There is no need to eat out of the Moseb basket-table if you don't feel comfortable, as they offer normal tables and chairs for the less adventurous, as well as knives, forks and individual plates, but if you give it the chance, Ethiopian Cottage invites you to come in and give a whole new intimacy and warmth to your dining experience.
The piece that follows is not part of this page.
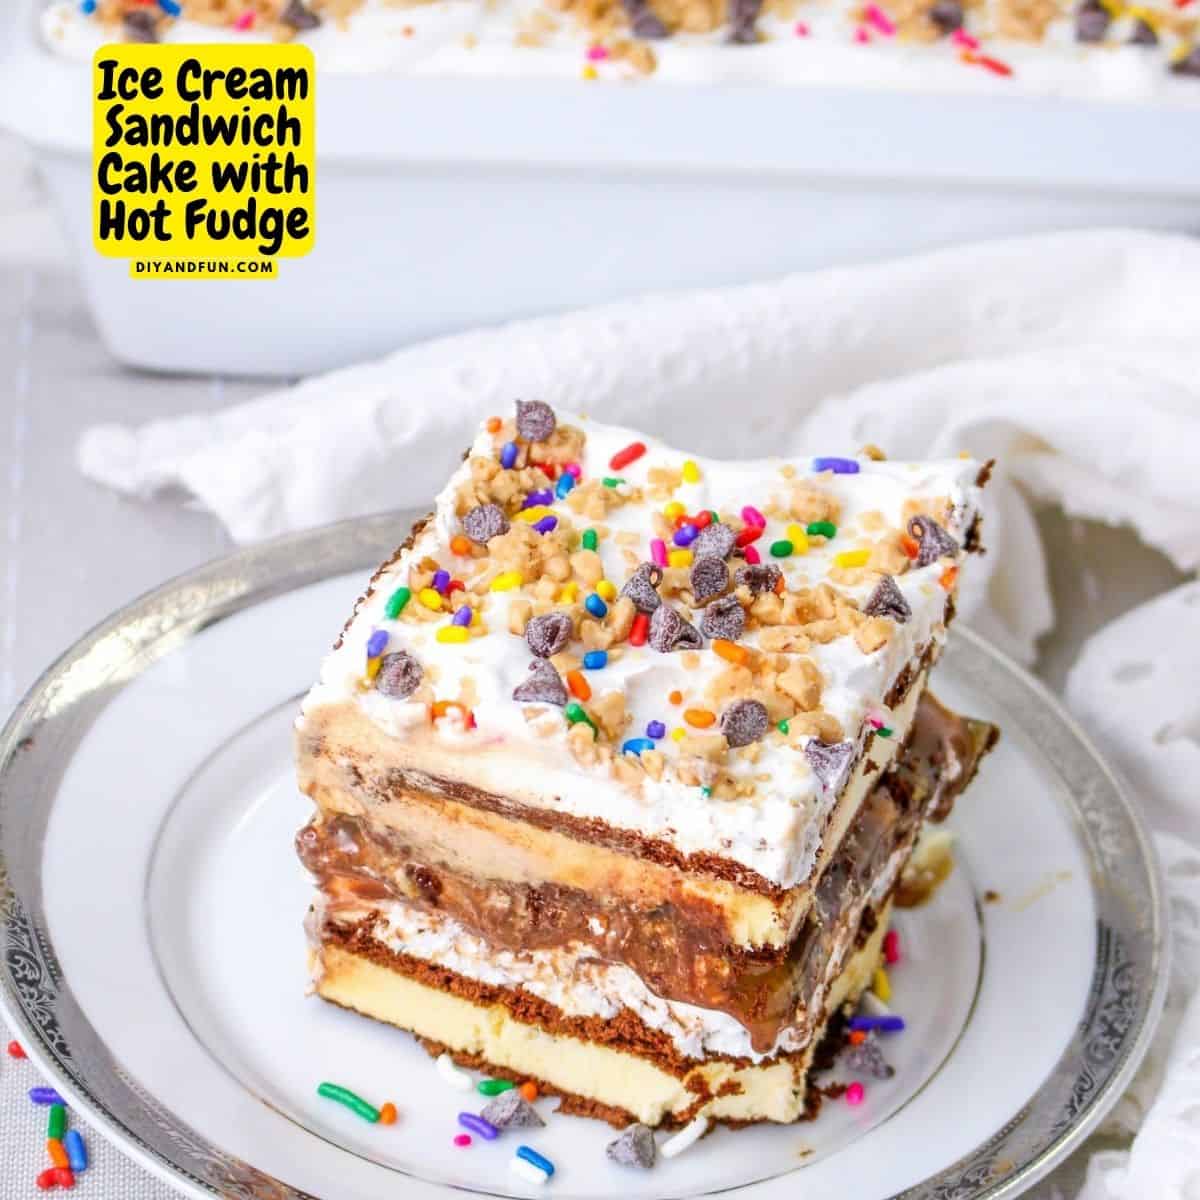 Ice Cream Sandwich Cake with Hot Fudge, a simple and delicious no bake dessert that can be made in about ten minutes.

RJ | Oct. 21, 2007 at 1:34 a.m. (report)
The food at the EC is very good, but the service is quite spotty. Actually, it's not even really the service that's the problem, as the lone waitress (who also served as hostess, busboy, waterbearer, etc.) did everything she could to handle the crowd. The problem is with the management of the place. One of the owners worked the cash register, but ought to have stepped in to help with the customers. To make things worse, the owner didn't really know how to do certain things. My food plus tax came to $16.07; I handed her $20.07 and had to instruct her to give me four dollars in change! I'm glad an Ethiopian place is in Mke now, but I won't be surprised if poor management takes its toll.
My husband and I ate here Moseb style Saturday night and loved it. The spicy red lentil dish was our favorite and a post-dinner visit by the owner was a nice touch. Affordable, filling and fun.
Observer | May 5, 2007 at 6:53 a.m. (report)
While I really enjoyed my food, I found it needed a spice boost (too many ethnic places tone down the authentic seasoning with the fear most people would find that too unfamilar). I was brought out two bowls of different mixtures that made a good meal, a great one. Really good experience.
I would highly recommend this restaurant. I went with 3 other vegetarians and we really enjoyed the food. It was also interesting to eat with your hands. I would suggest going here with people who have similar food interests, as you share everything on the platter.
DJ Lando Land-Jackpot | April 9, 2007 at 11:53 a.m. (report)
I love that place!! It's about time Milwaukee got an Ethiopian resturant. I would have to go to Madison or Chicago to eat Ethiopian. The food is great and Joi is such a great server, she will keep you entertained while you wait for your food. Milwaukee, please try something different. It's very healthy food that's good to you as well.